Aim of the exercise => Nothing but the lines from the one showing "Mavi koltukta küçük kız" through the final line of the data below belongs in the answer, duplicated exactly and without pictures.

Collected data =>
......

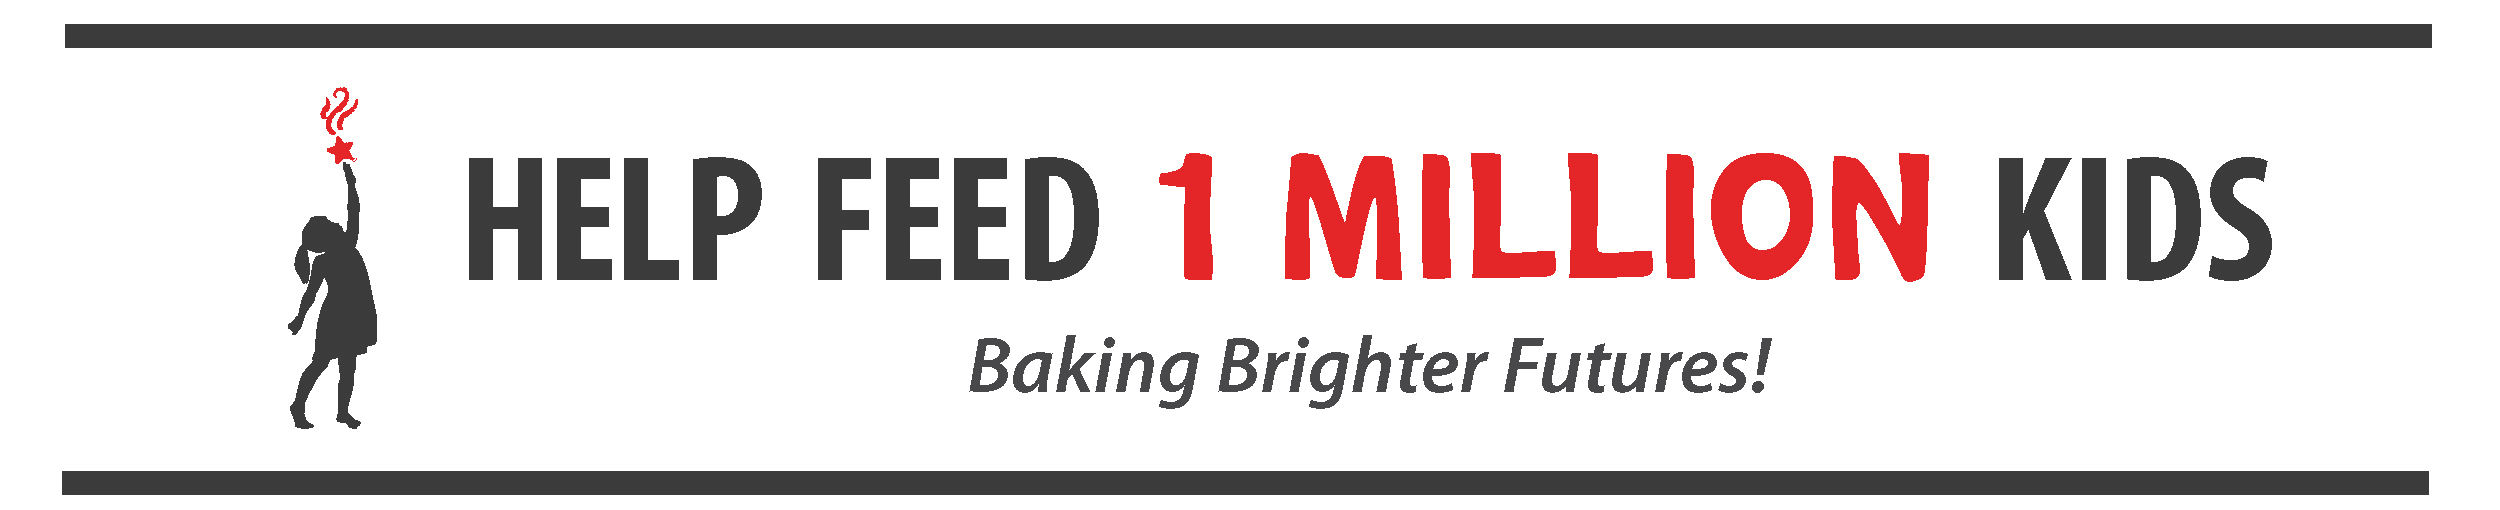 Help Feed 1 Million Kids - Baking Brighter Futures
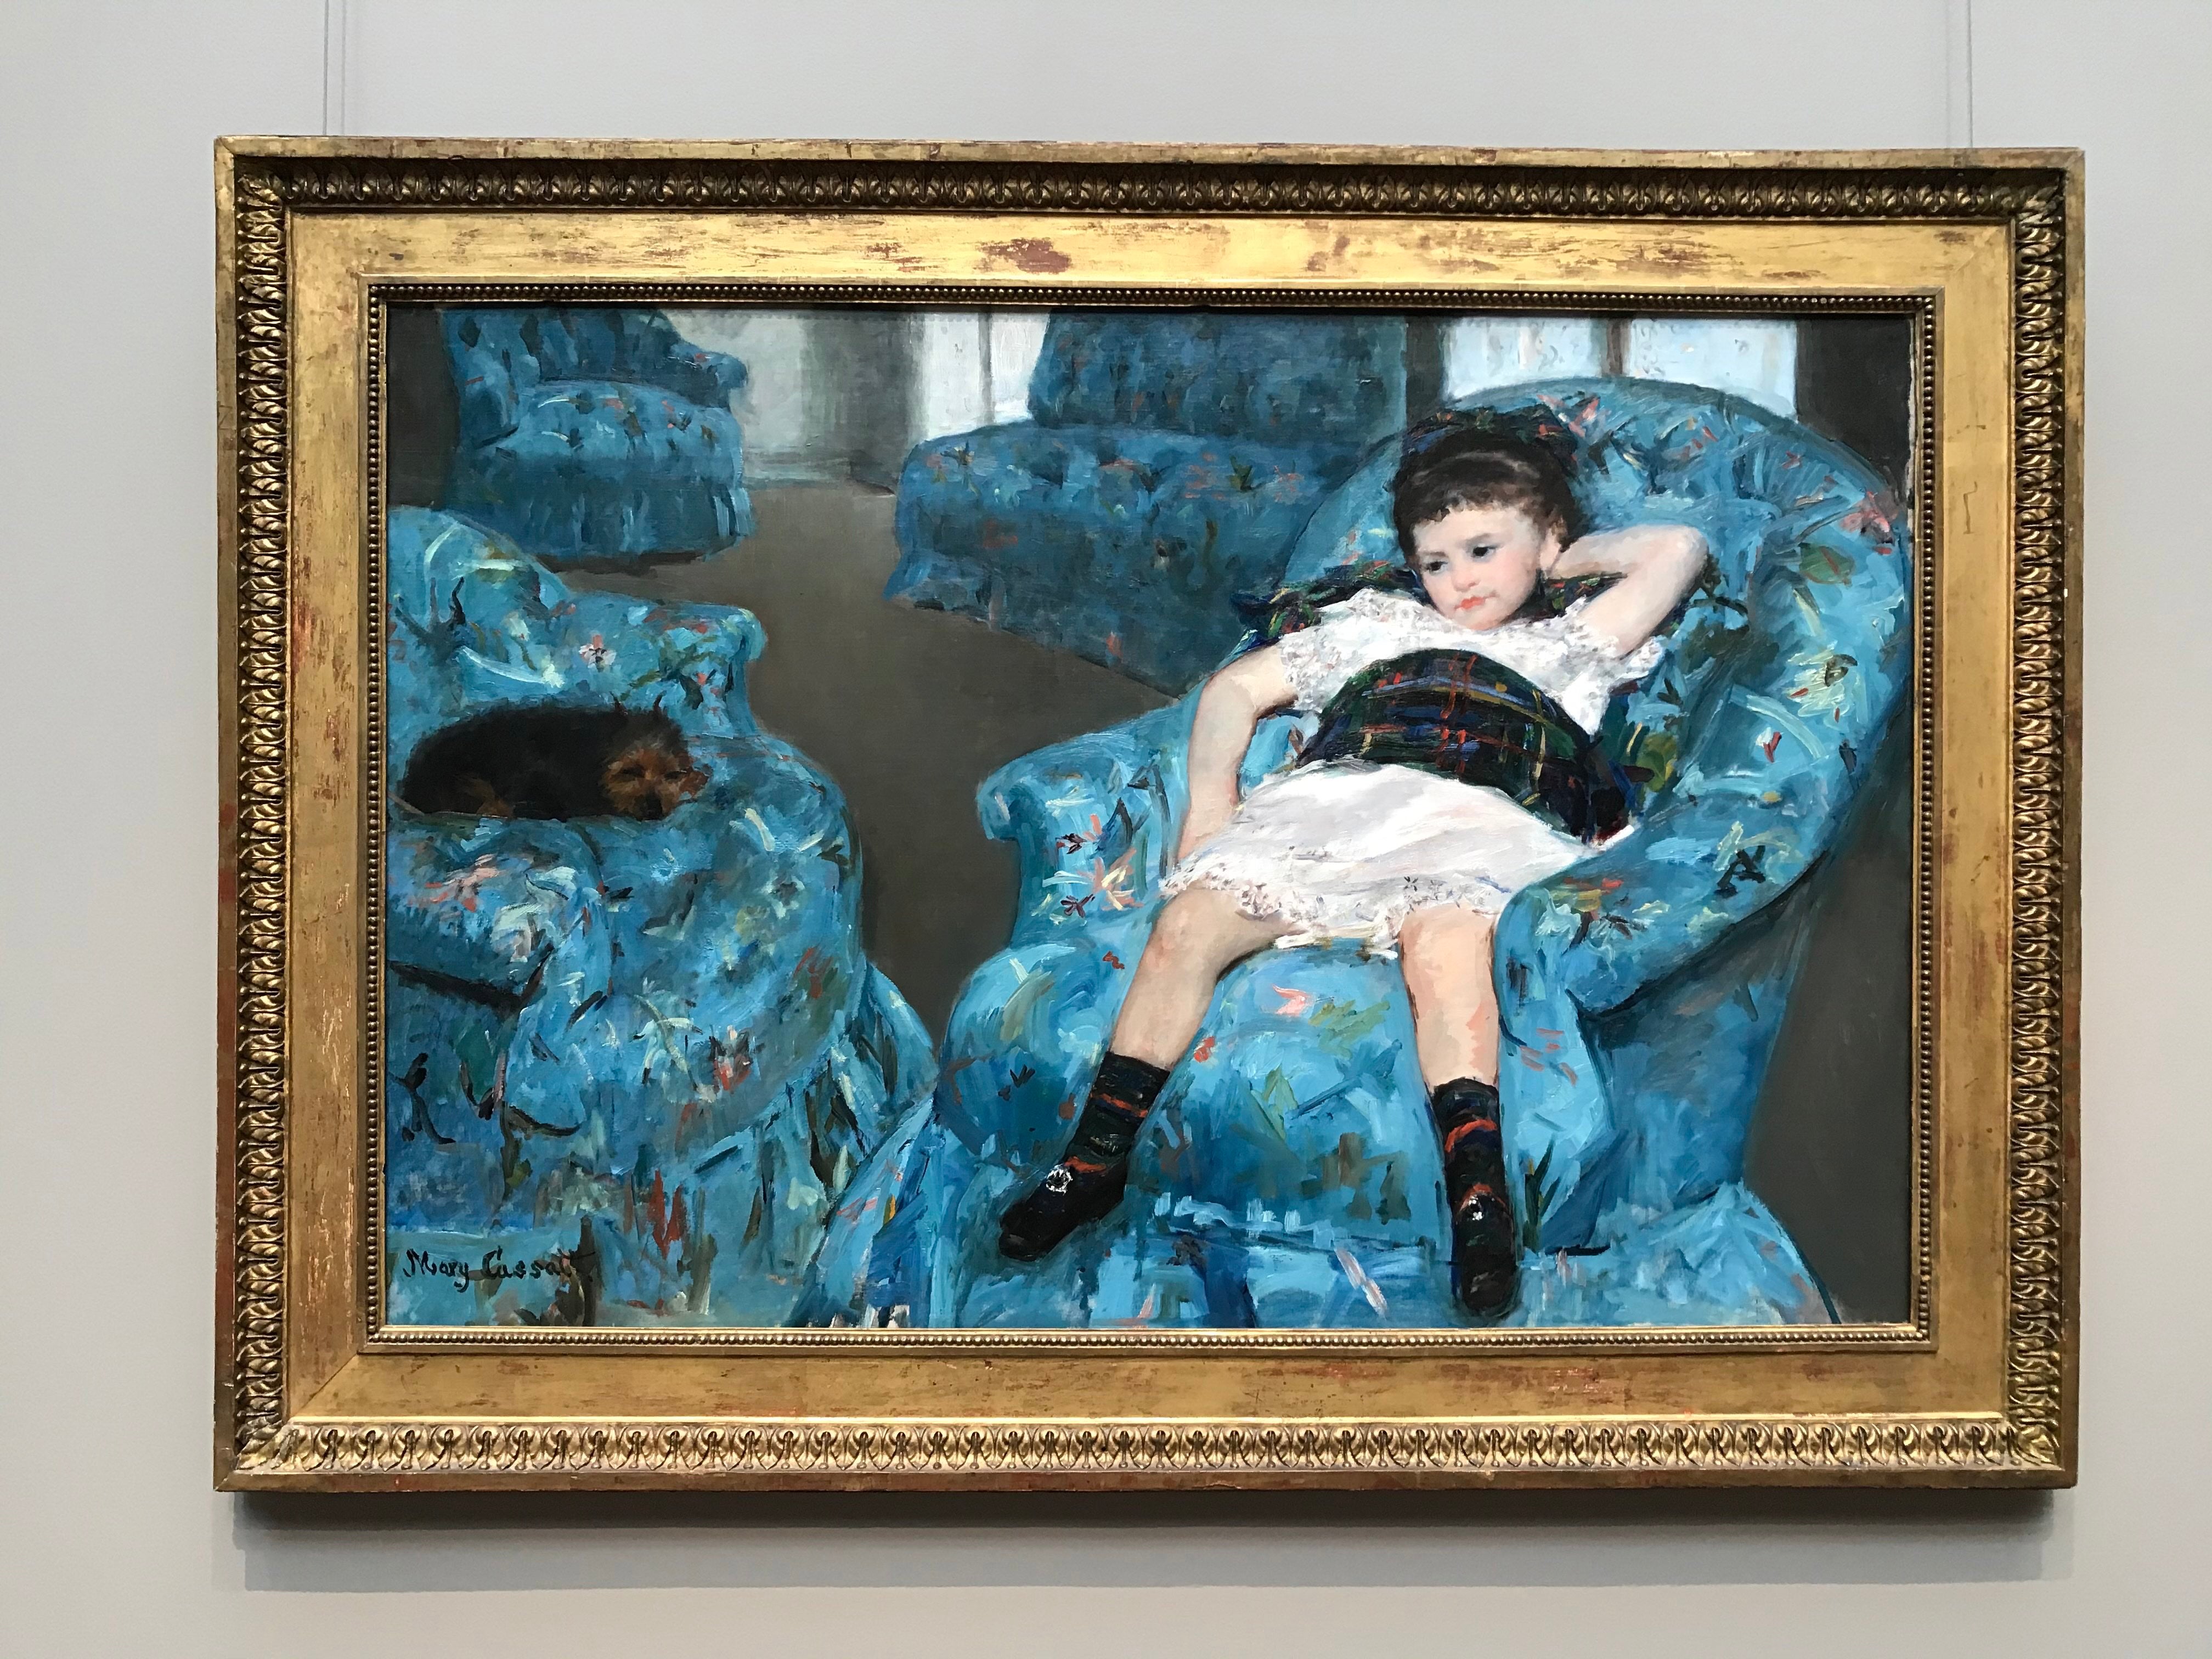 Mavi koltukta küçük kız
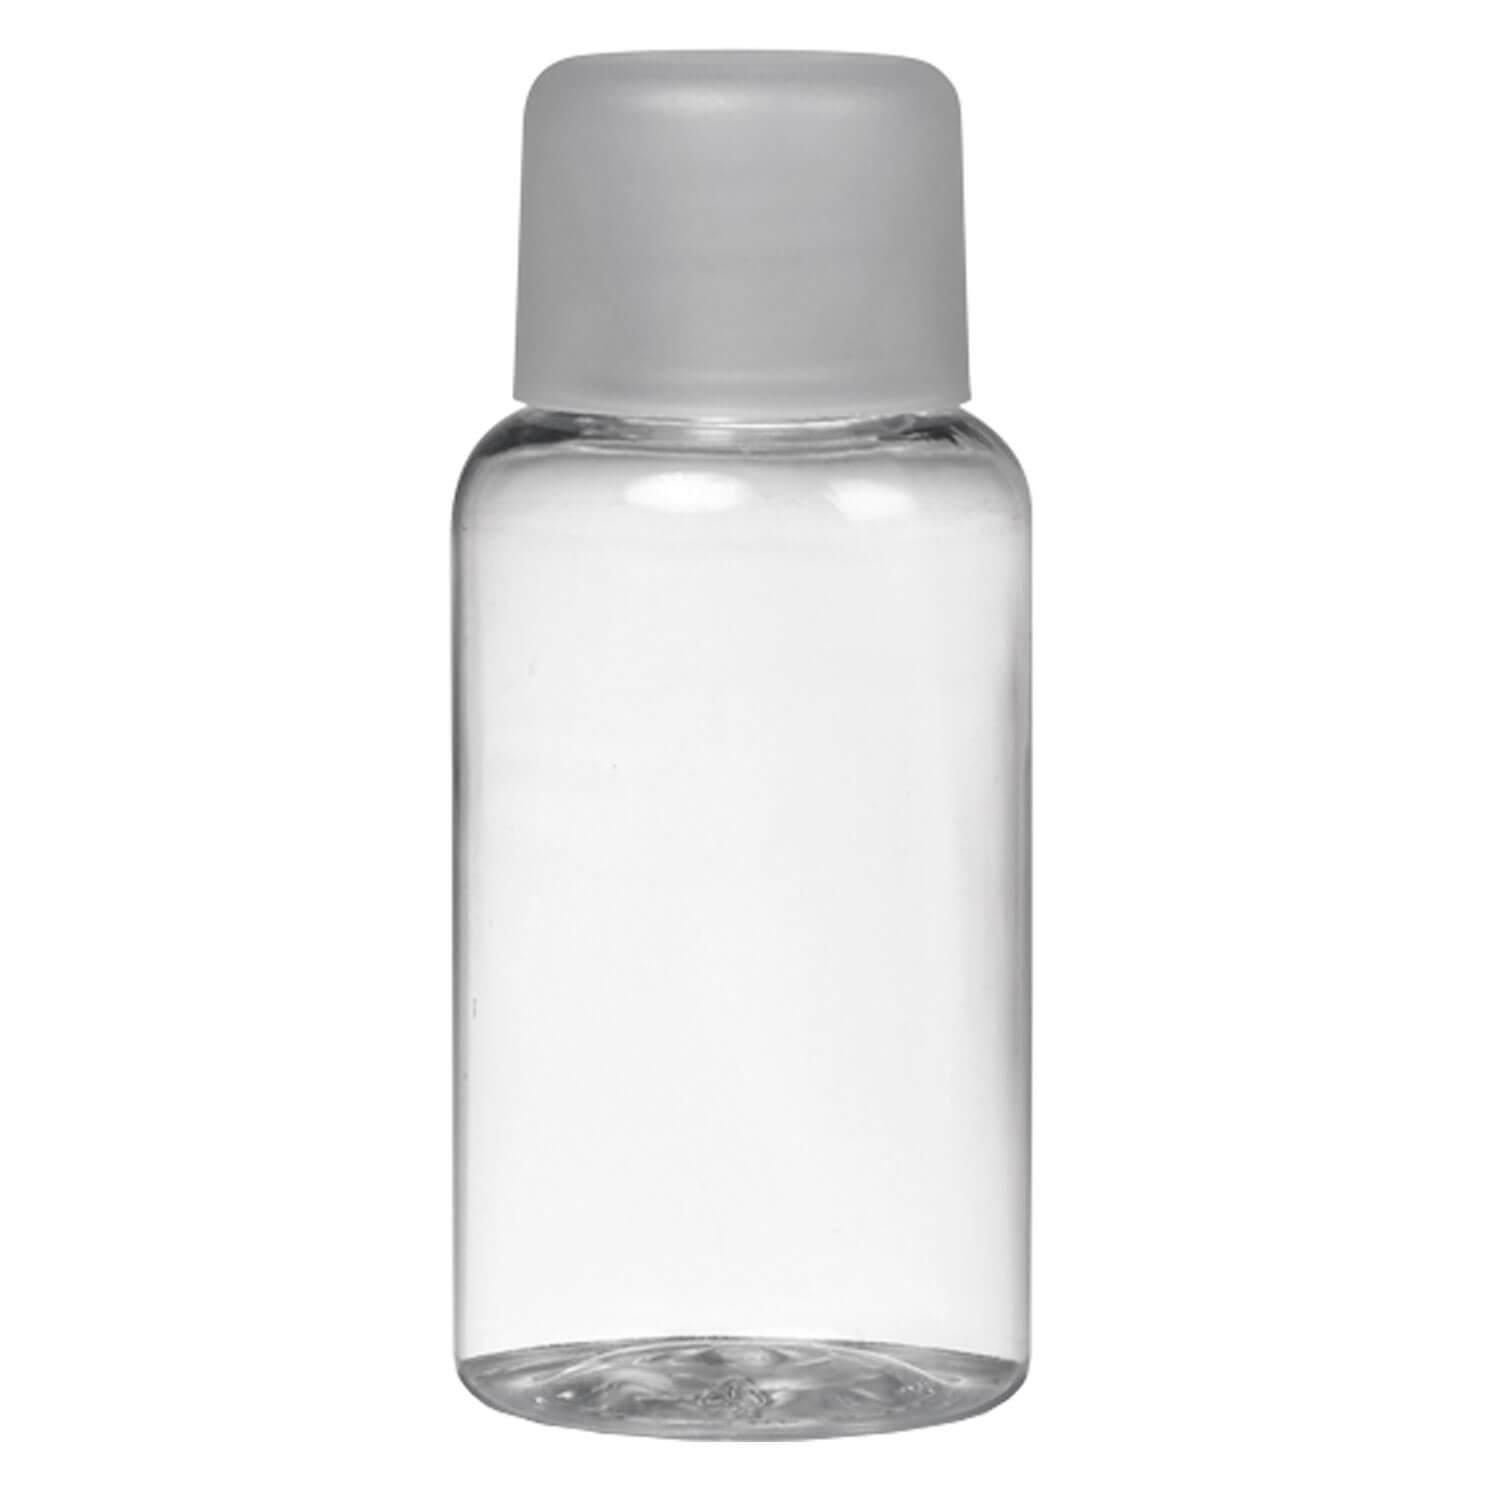 TRISA Travel - Lotion Bottle Medium
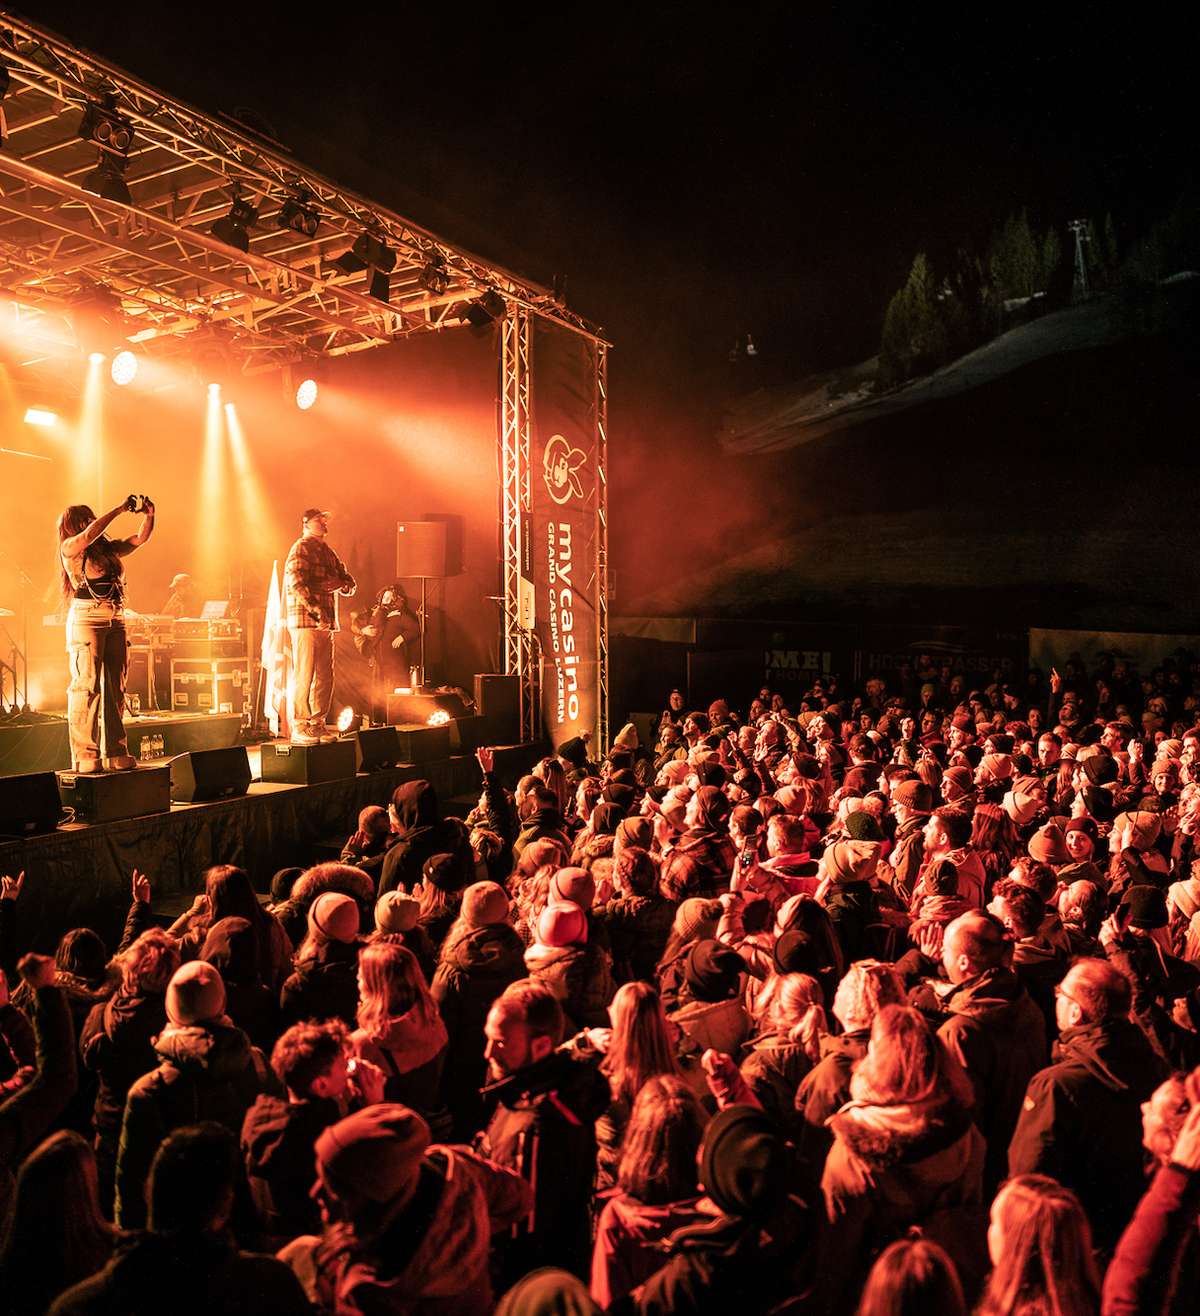 Musikfestival auf Sörenberg – Betreiber ziehen Fazit

......

Result of the task =>
 Mavi koltukta küçük kız
 TRISA Travel - Lotion Bottle Medium
 Musikfestival auf Sörenberg – Betreiber ziehen Fazit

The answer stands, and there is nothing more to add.